Hi Mike,
Though I can't answer all your questions, I can start with the basic
ones, given my short experience on building an LLVM compiler from
scratch.
> 1. How hard will it be to navigate the LLVM/clang codebase having very
> little compiler domain knowledge?
I knew very little about compilers when I started and after a month or
so hacking LLVM I knew more about compilers than I would by reading a
book on it. LLVM is very understanding and caring, it has asserts all
over the place and an extensive documentation (tutorials, examples,
doxygen). I felt it was very easy to work with LLVM even when I knew
nothing about compilers or LLVM itself.
> 2. What stages of the compilation are worth parallelizing(at least for a
> first step)?
I'm not an expert, but I think most compilers use "off-line"
parallelization (each step can run separately and independently), like
compiling all C files, then linking them. You can't link without
compiling all sources, you can't compile without parsing the whole
file, you can't parse without pre-processor passes on everything. So,
it's very unlikely that you'll be able to parallelize for real, and be
really different than running "make -j4" with compilation and linking
separately.
Some compilers (like MS, AFAIK) have a "database" of symbols, so it
can incrementally compile and link without doing the whole run. But
that's a big thing. Also, MS controls the development environment
(Visual Studio), so they can do whatever they want. With open source
compilers, it's very hard to force any build system in particular.
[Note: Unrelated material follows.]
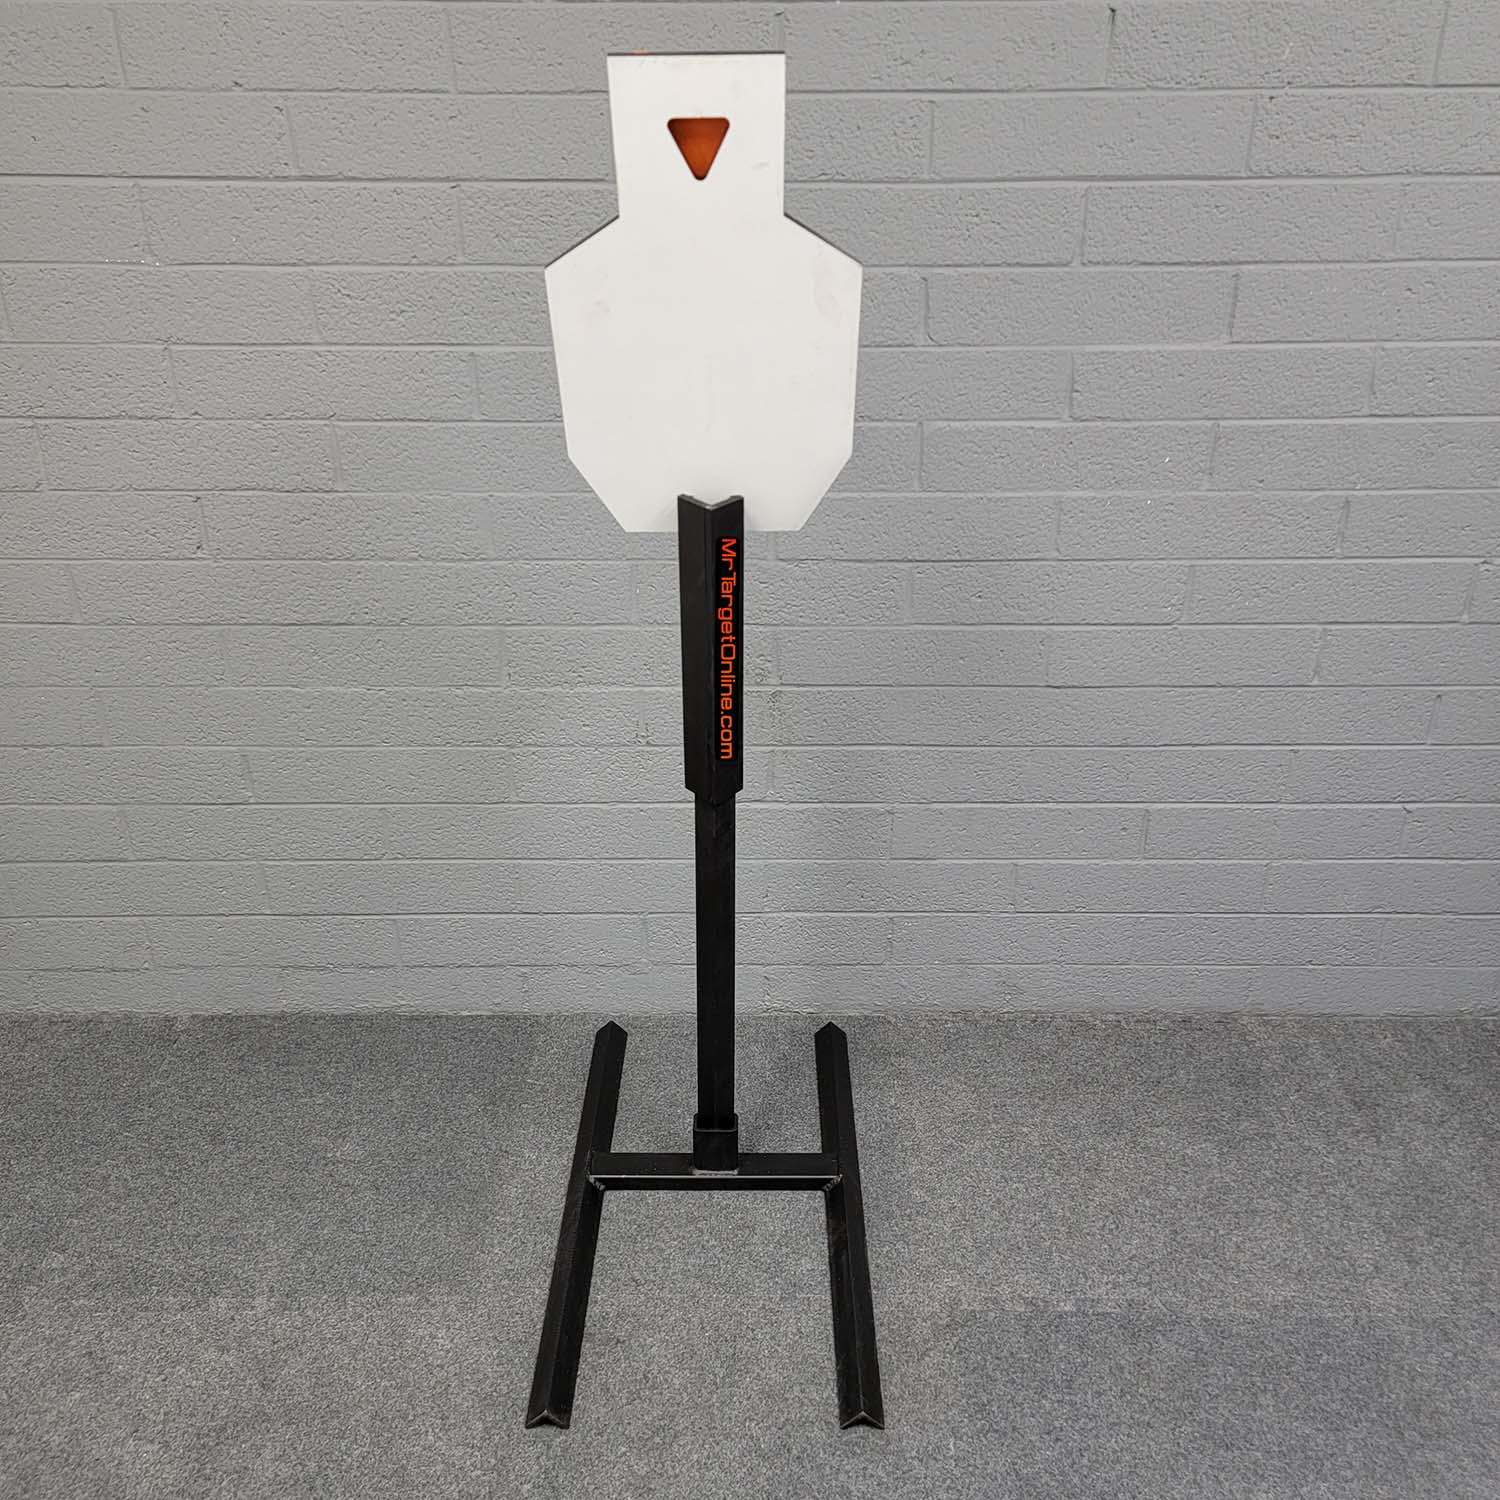 Know your limits Reactive Steel target for .22 precision shooting 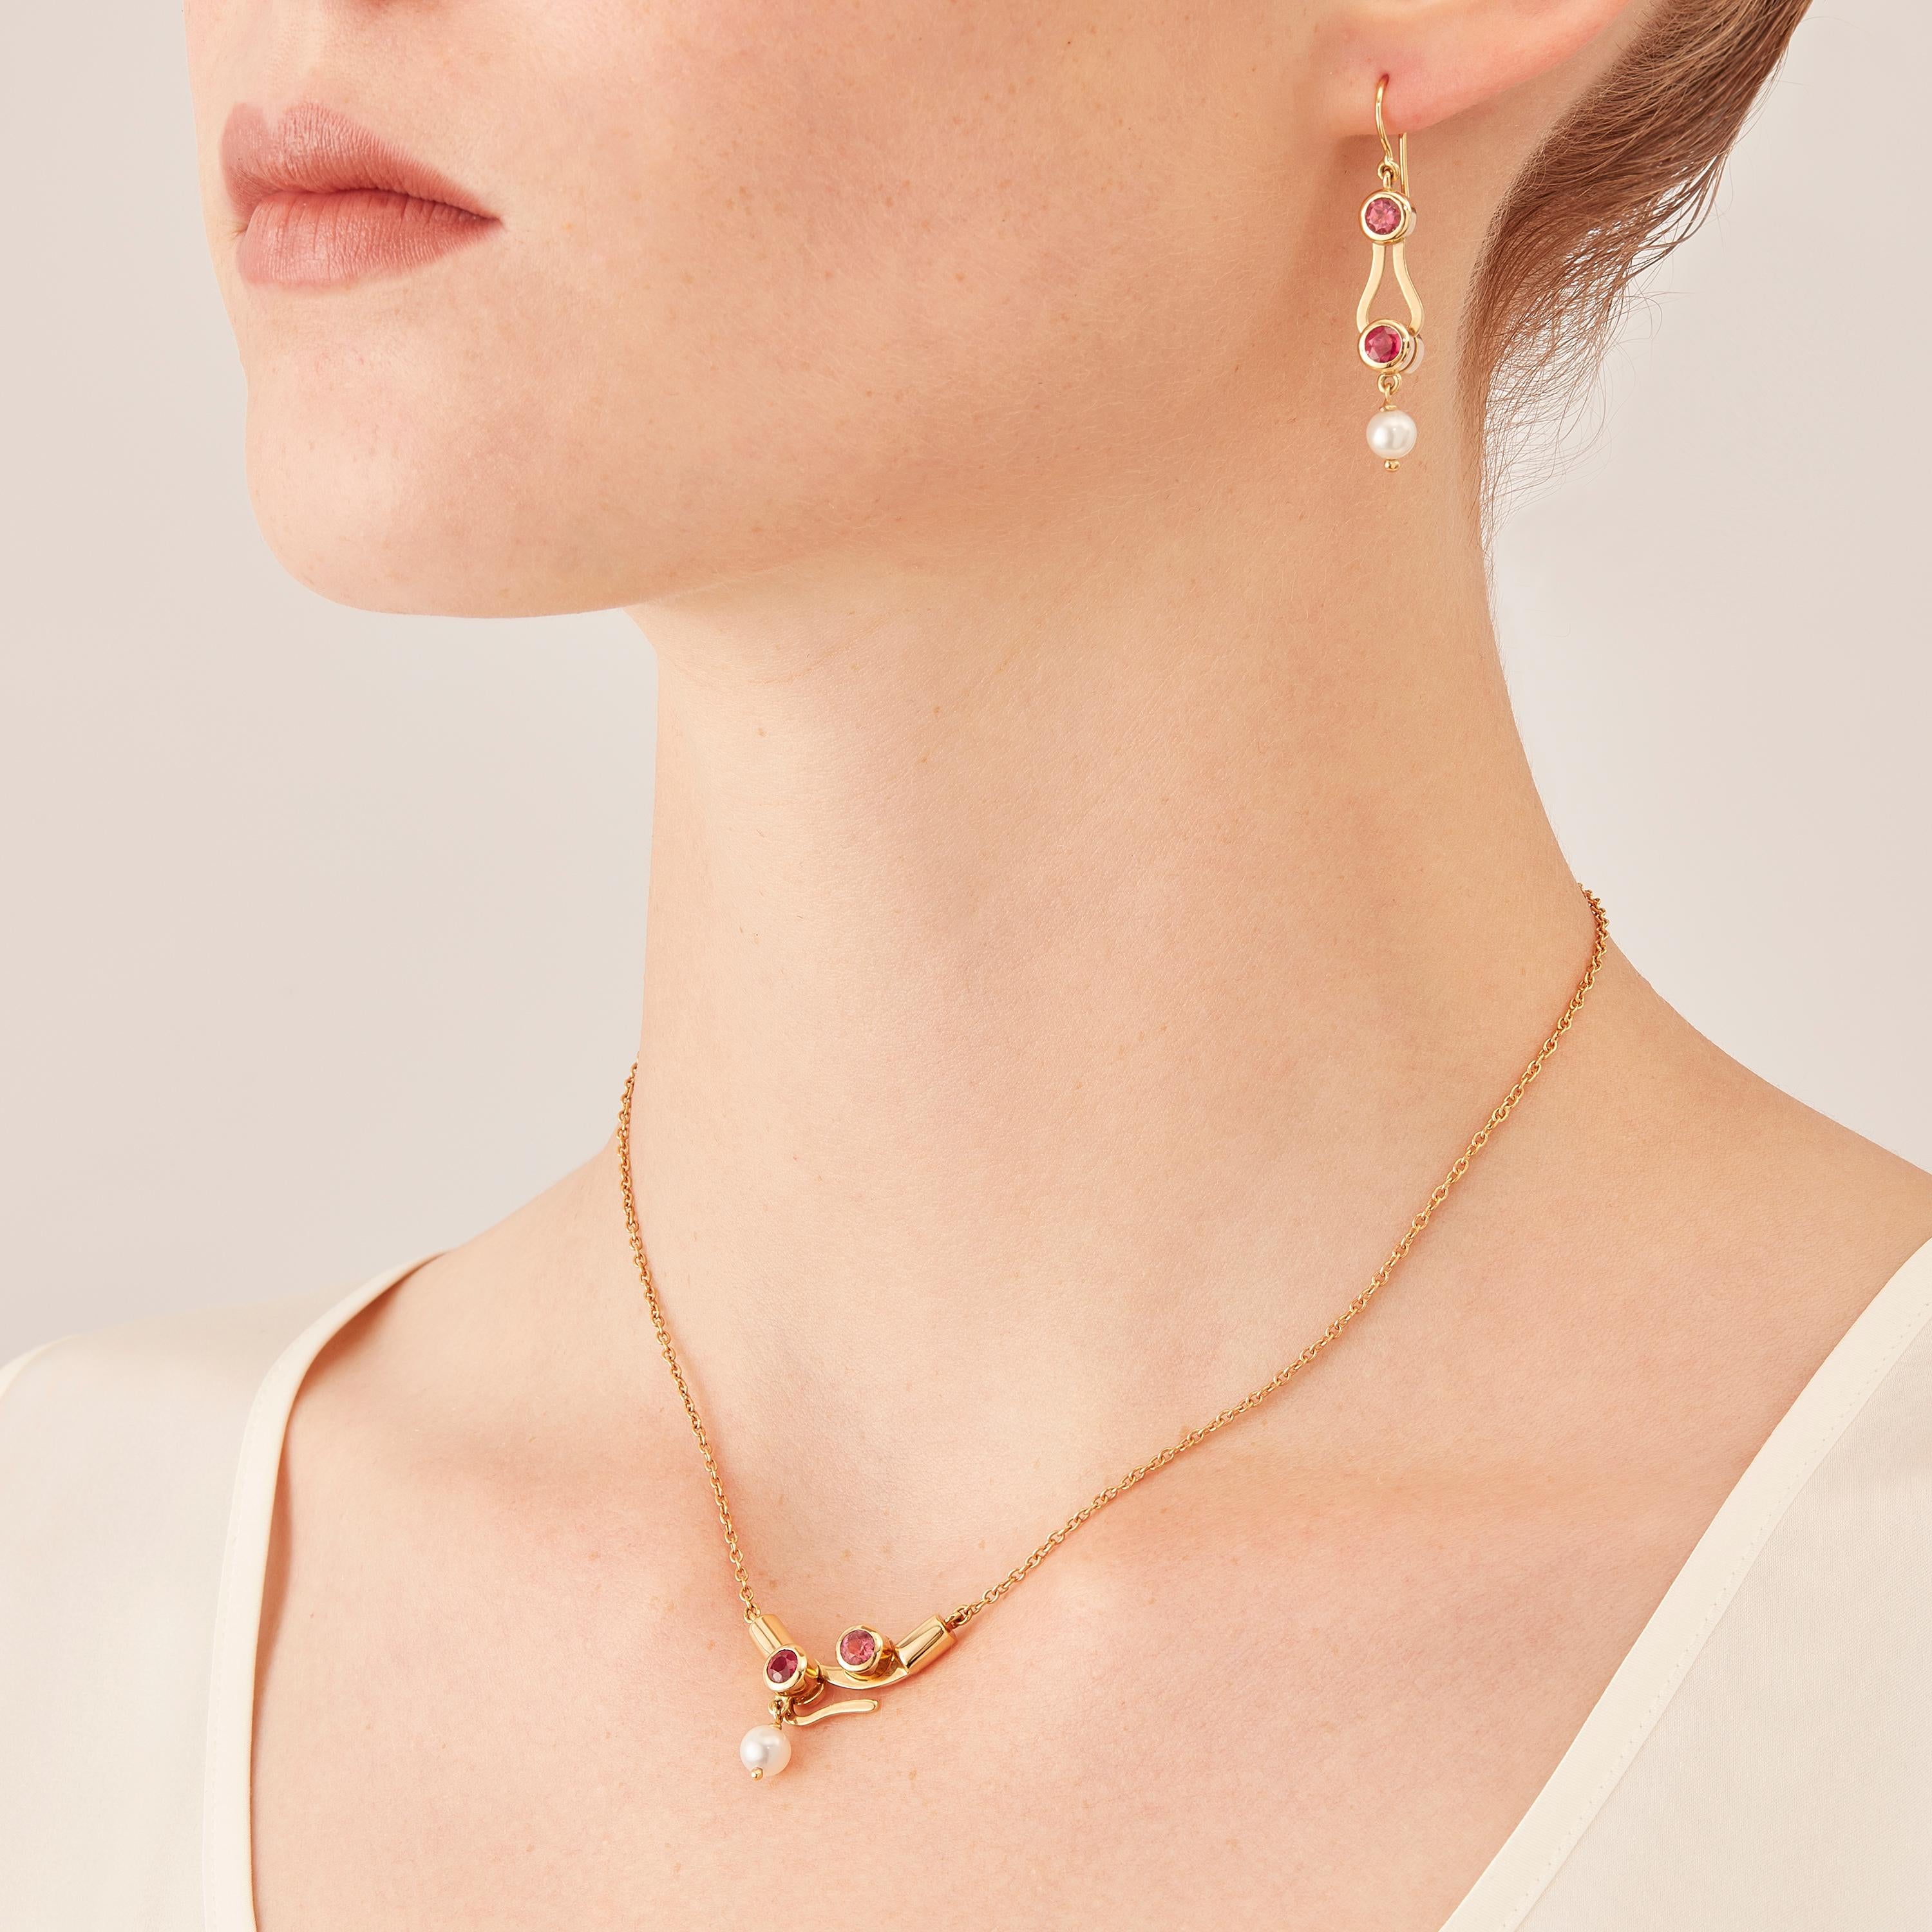 Micro Pendant drop necklace is in 18 karat in rosé gold, a warm, sophisticated color close to yellow gold. It is part of the Microcosmos Series, devised as a game, a construction or a sophisticated aerial mobile. Shapes attached to gold settings

You could try to create a system to hold all external symbols (a big,
indexed, object file) that can be partially updated (instead of
re-created) every time a file is compiled. That would avoid long
lasting linkage and would be simple to accommodate to most legacy
build systems.
> 3. Will it be feasible to implement a basic distcc implementation in 1-2
> months? There should be 4 or so people working on the project, but none of
> us have significant compiler domain knowledge. If not, is there a subset of
> the problem that's worth working on?
If no one has compiler expertise, I'd expect them to learn the basics
in around a month. That wouldn't leave much time for the rest of the
project... More people won't increase the speed of learning for each
one... You better get one subset.
> 4. Are there any examples of code(preferably in real-world projects) which
> would lend themselves to parallel compilation which come to mind? At the
end
> of the project, we'll need to document the performance of our work, so
I'd
> like to be thinking about how we'd create (good) presentable results
along
> the way.
I would compare your results with the same non-parallel LLVM running
multiple times with "make -j", otherwise, there is no point in
comparing...
> 5. Where should I start? :). Obviously this is a pretty large undertaking,
> but is there any documentation that I should look at? Any particular source
> files that would be relevant?
No idea. llvm/lib/Linker maybe?
cheers,
--renato